However, while quantum computers are already available in the cloud, they have limited capabilities. Successfully applying this nascent technology to meaningful use cases is an open research topic, and often requires the implementation of complex workflows including classical pre- and post-processing steps. To address this, Good Chemistry has developed QEMIST Cloud, a high-throughput, high-accuracy chemistry platform on AWS. In order to both extend the capabilities of QEMIST Cloud to integrate with quantum computers and accelerate research in the field, Good Chemistry has developed and open-sourced Tangelo, a python package for chemistry workflows on quantum computers.

In this blog post, we illustrate how these tools allow the community to further explore the potential of quantum computing for non-trivial molecular systems, and streamline the design of experiments that you can run on Amazon Braket, the quantum computing service of AWS.
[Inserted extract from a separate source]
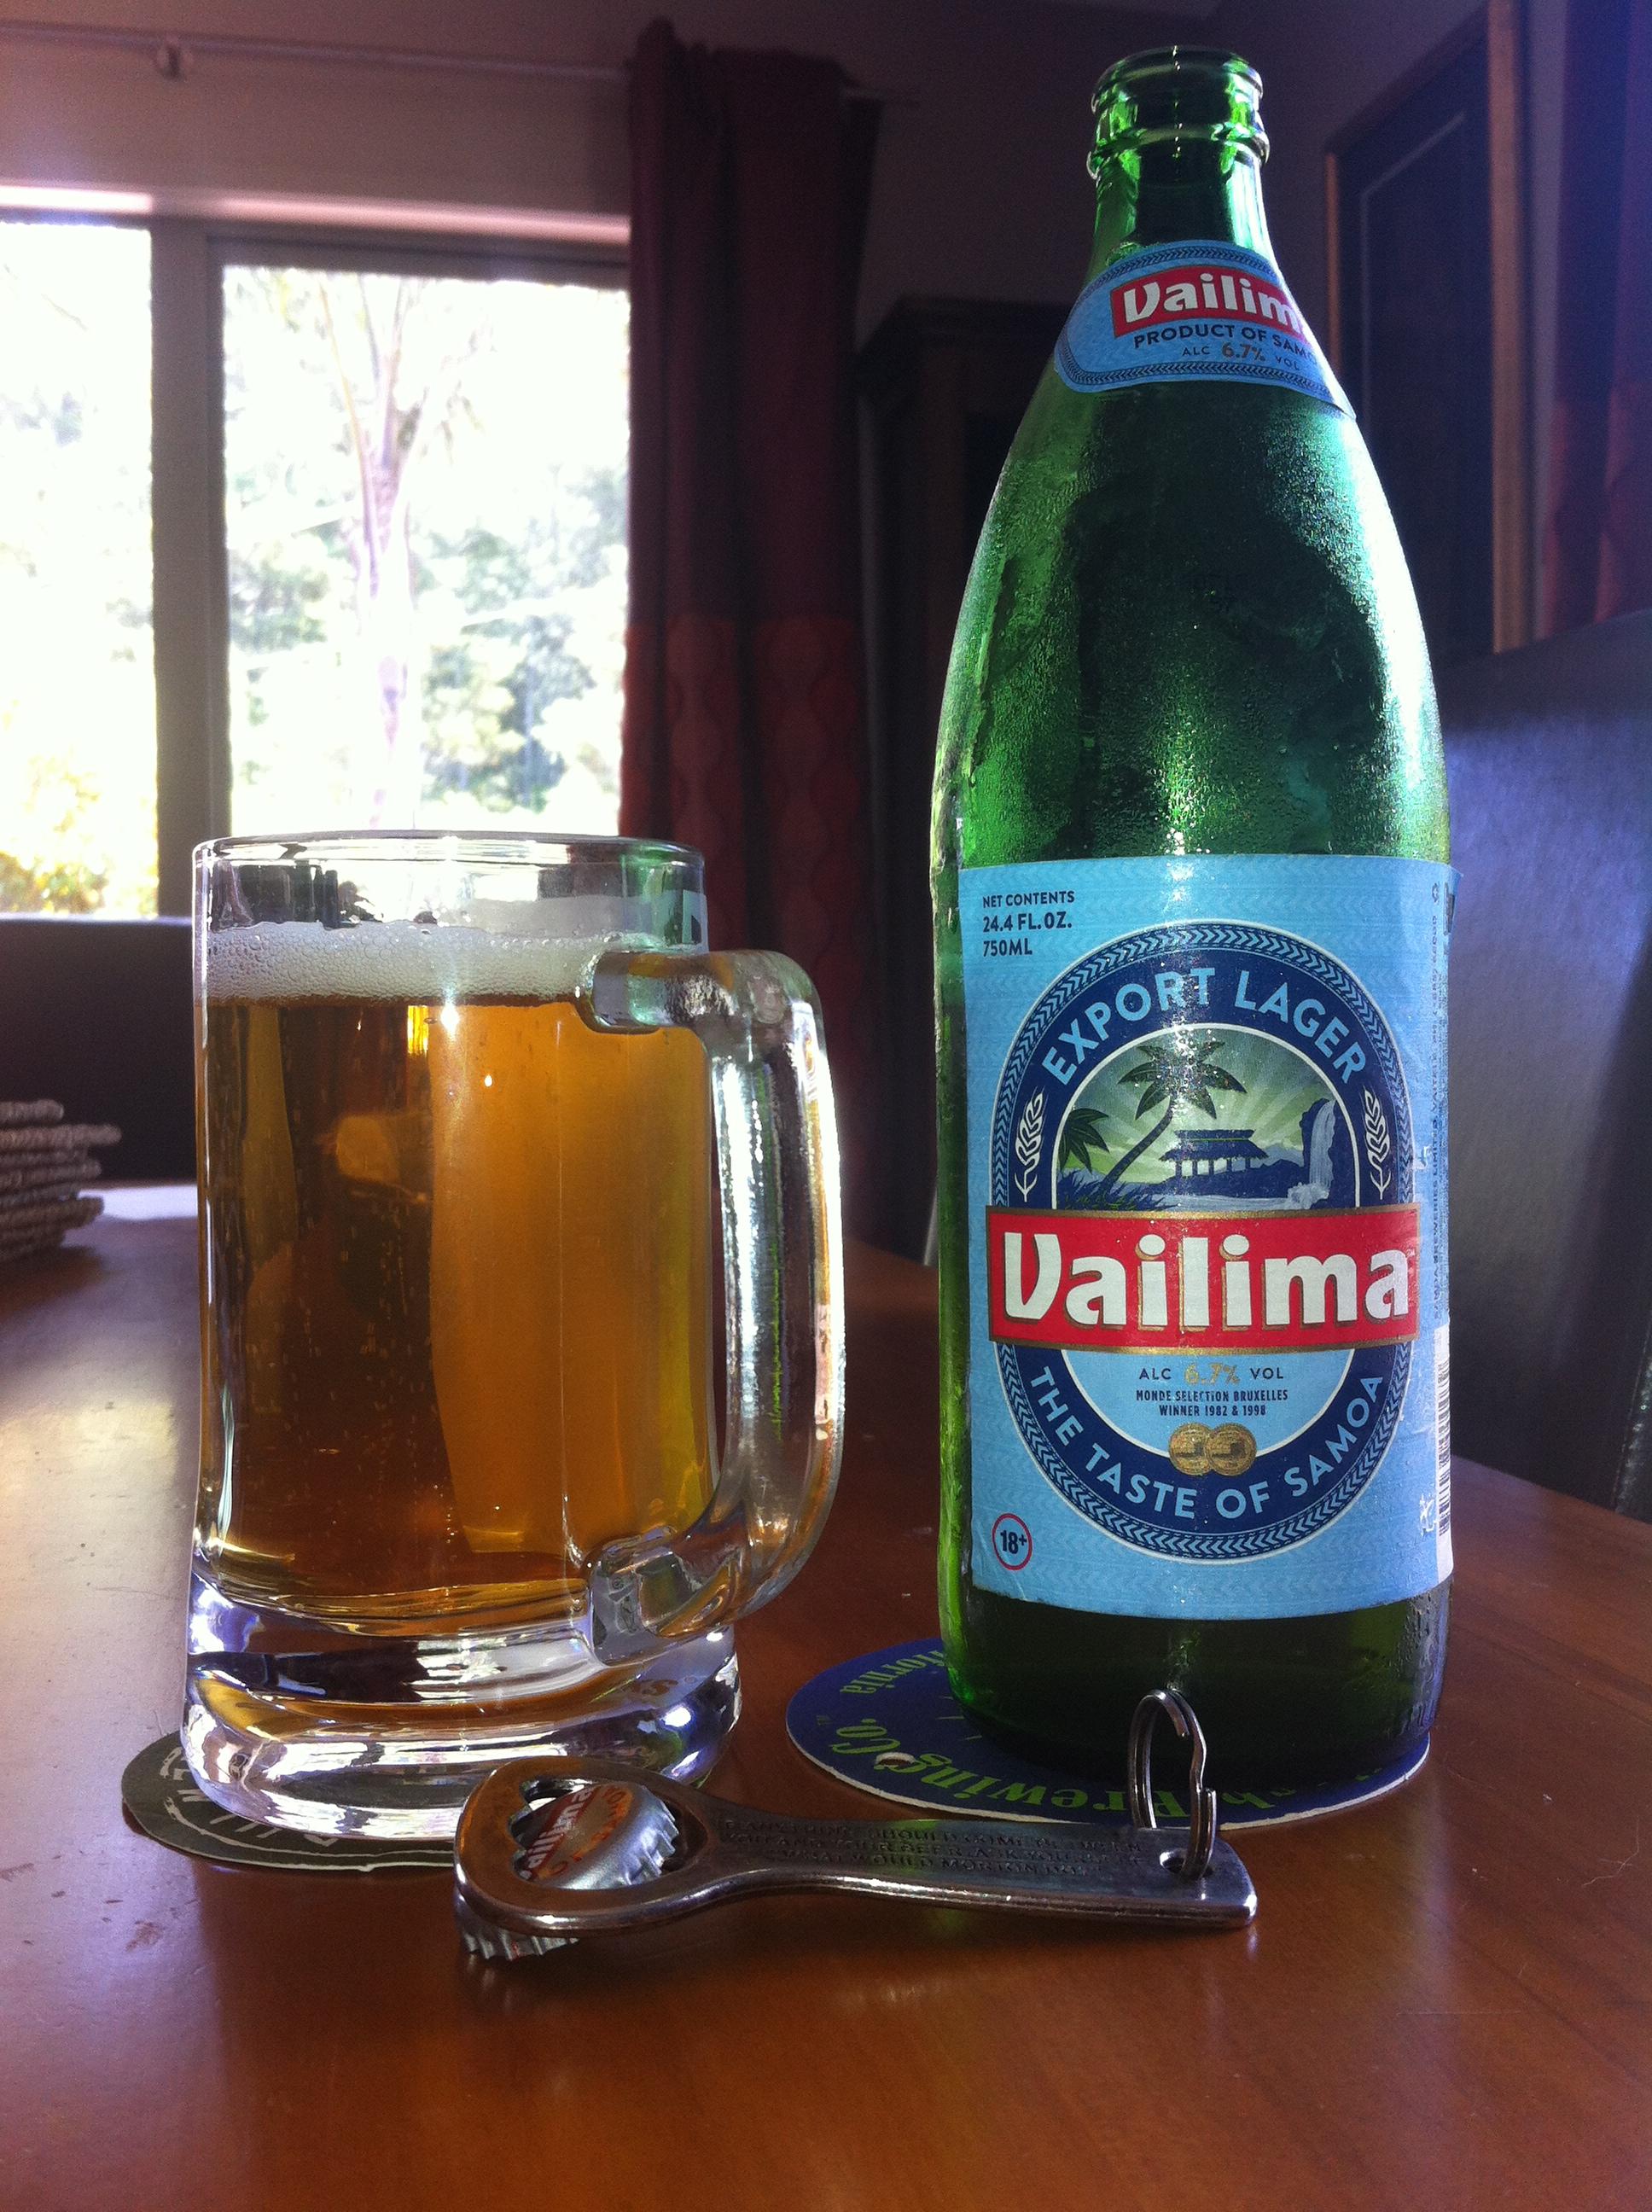 beer  u2013  533  u2013 vailima  u2013 special export lager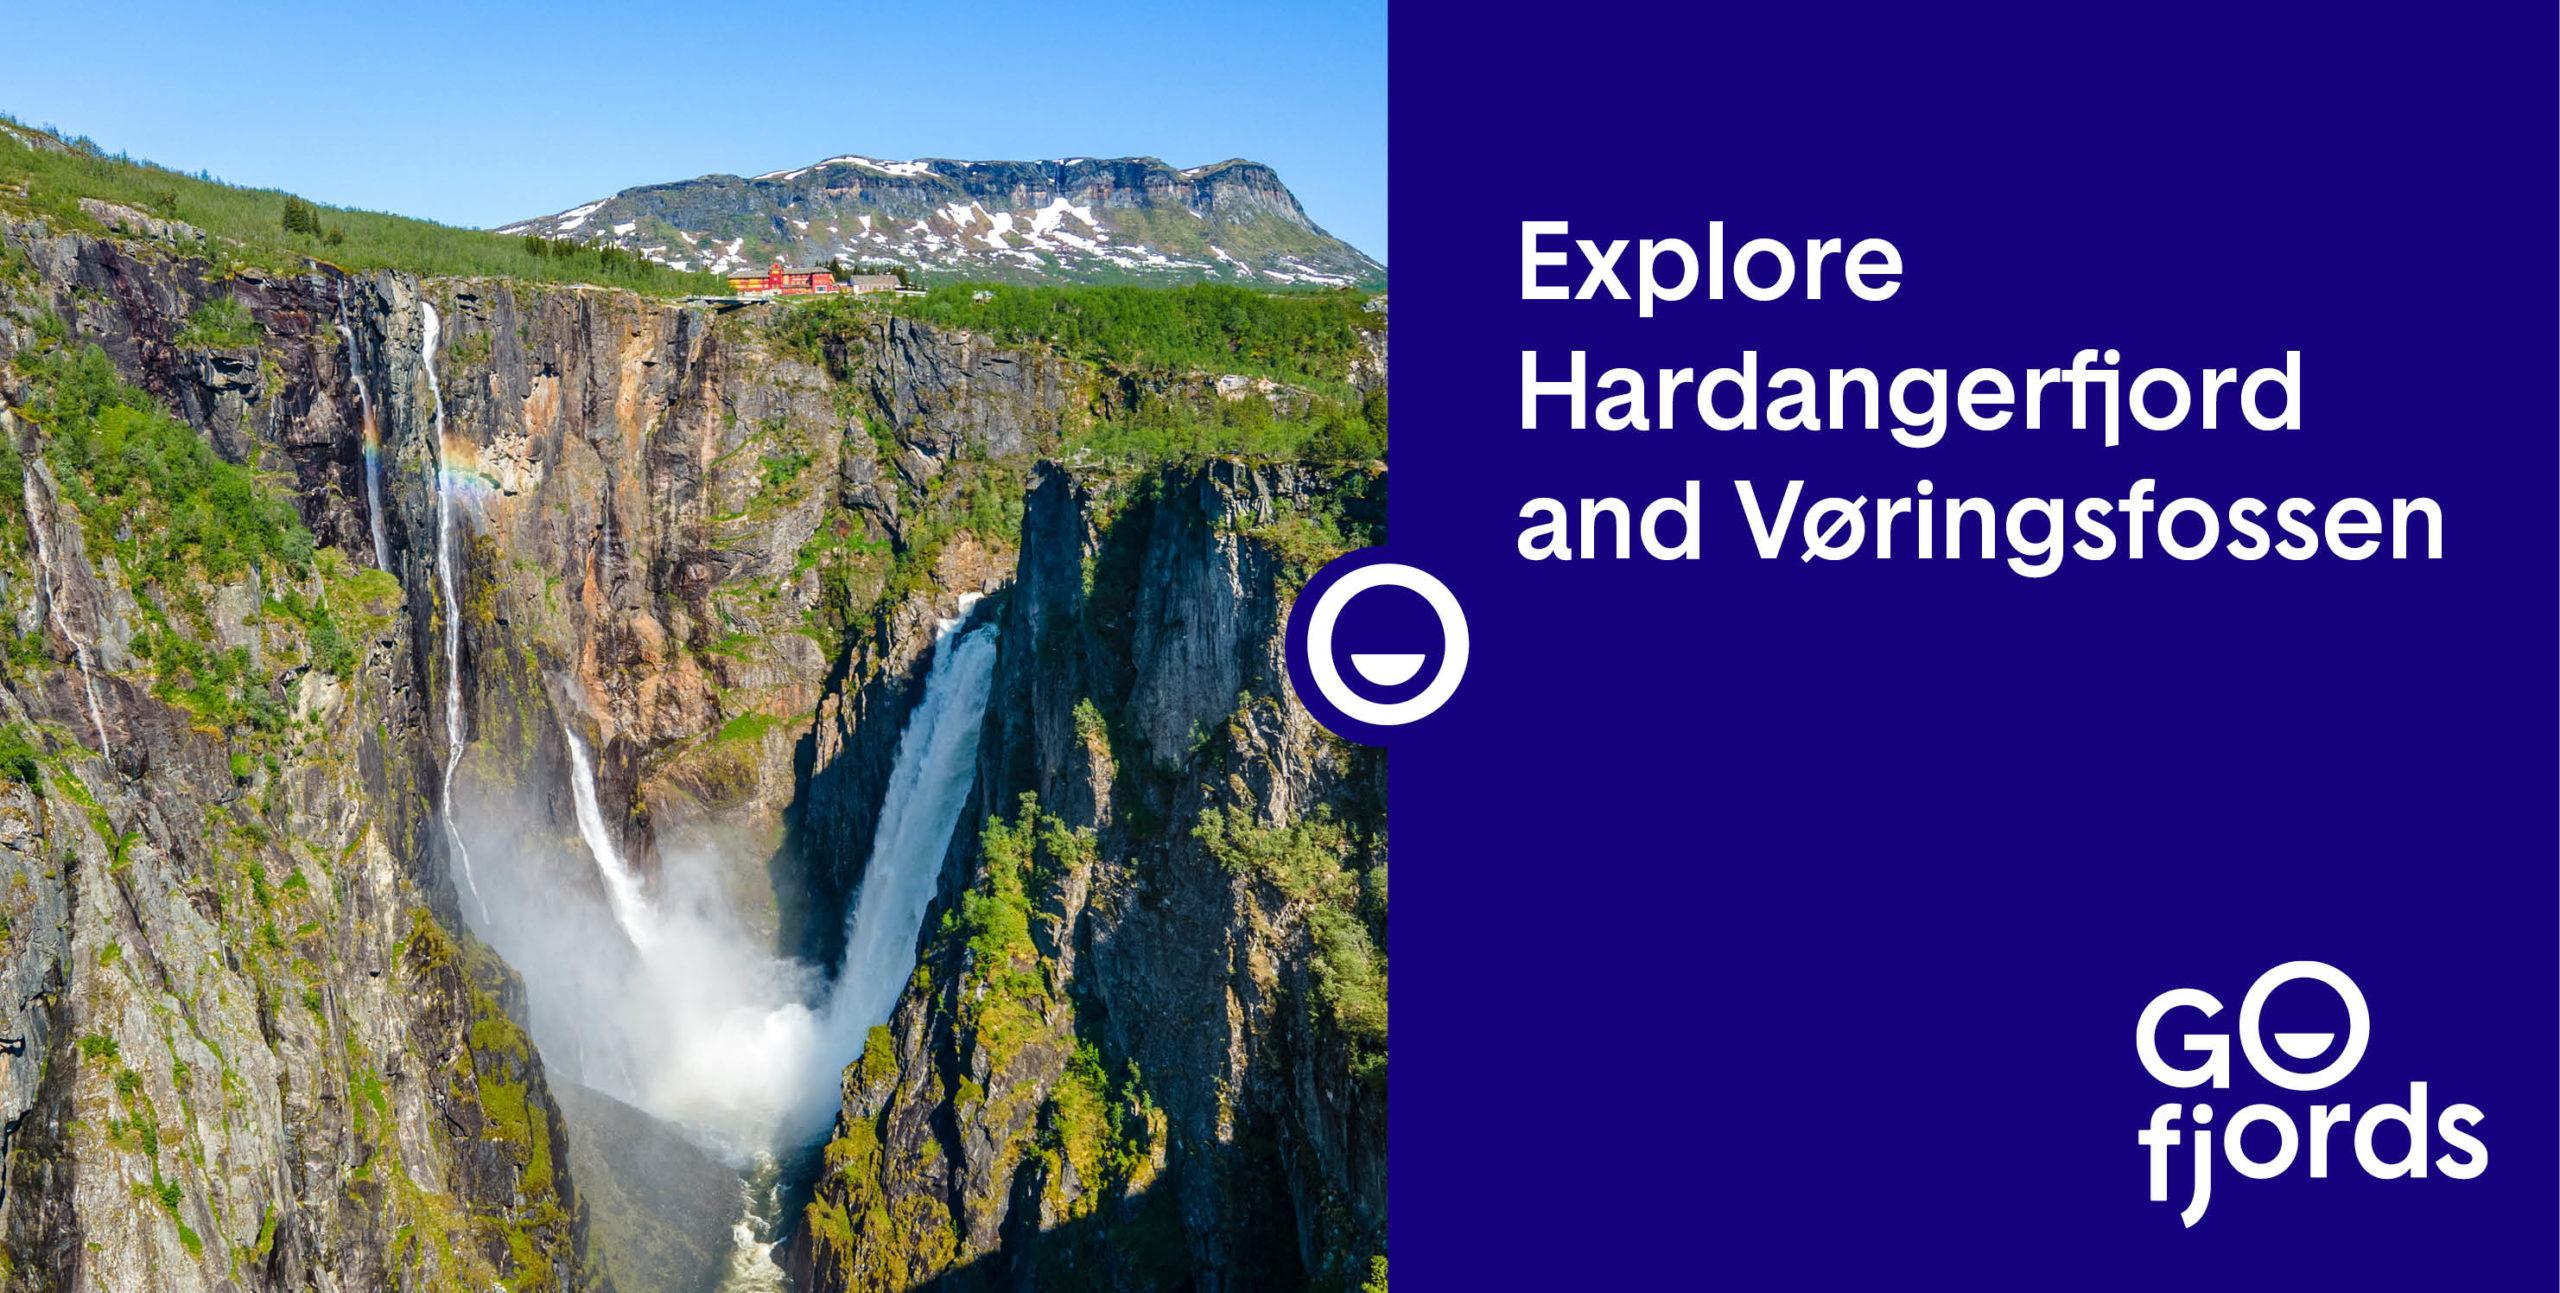 GoFjords.com - Explore the Hardangerfjord and Vøringsfossen Waterfall

Our companion notebook provides access to the code necessary to recreate the results shown in this blog, and contains additional technical details.

A use case related to umbrella inversion

Amines are a varied class of chemical compounds characterized by the presence of one or many nitrogen centers, with which three bonds can be formed, according to the octet rule. Their chemical and industrial relevance cannot be overstated, as amines are some of the most prevalent biologically active molecules, including amino acids and neurotransmitters. As much as 42% of all pharmaceutical drugs contain amine functional groups, making them one of the most relevant targets for novel drug discovery. Their use in the production of dyes and epoxy resins makes them a focal point for many industrial chemical companies. Finally, their use in gas refineries for the removal of and suggests a potential for application to greenhouse gas sequestration.

An interesting effect which can be observed in these compounds is the amine inversion, commonly referred to as the umbrella (or pyramidal) inversion. In this phenomenon, an amine spontaneously alternates between two opposite forms. This effect is caused by the free electron pair tunneling between one side of the stereocenter nitrogen to the other, each time squeezing the functional groups through the plane to the opposite side. In this process, the bond structure resembles an umbrella being flipped inside-out in a strong wind. It is one of the most readily observable instances of quantum tunneling, which can be easily observed in infra-red spectroscopy.

This phenomenon has a significant role in chemical mechanisms behind the proton diffusion in water, which involves the hydronium cation H3O+, featuring one oxygen center. Fundamental knowledge about this has implications in the materials industry, with one example being the design of proton-exchange membranes(PEM) for fuel cells. At Good Chemistry, we are focused on materials science research, so in this blog we consider the hydronium cation to explore the umbrella inversion (illustrated in figure 1). The energy barrier associated with this geometry change is relatively short and narrow – on the order of 2 kcal/mol which results in a large tunneling rate.

Figure 1: Simple depiction of the umbrella inversion with the hydronium cation. In the cc-pVDZ basis, we represent the H_3O^+molecular problem with 29 molecular orbitals (MOs) and 10 electrons.

Figure 1: Simple depiction of the umbrella inversion with the hydronium cation. In the cc-pVDZ basis, we represent the H3O+molecular problem with 29 molecular orbitals (MOs) and 10 electrons.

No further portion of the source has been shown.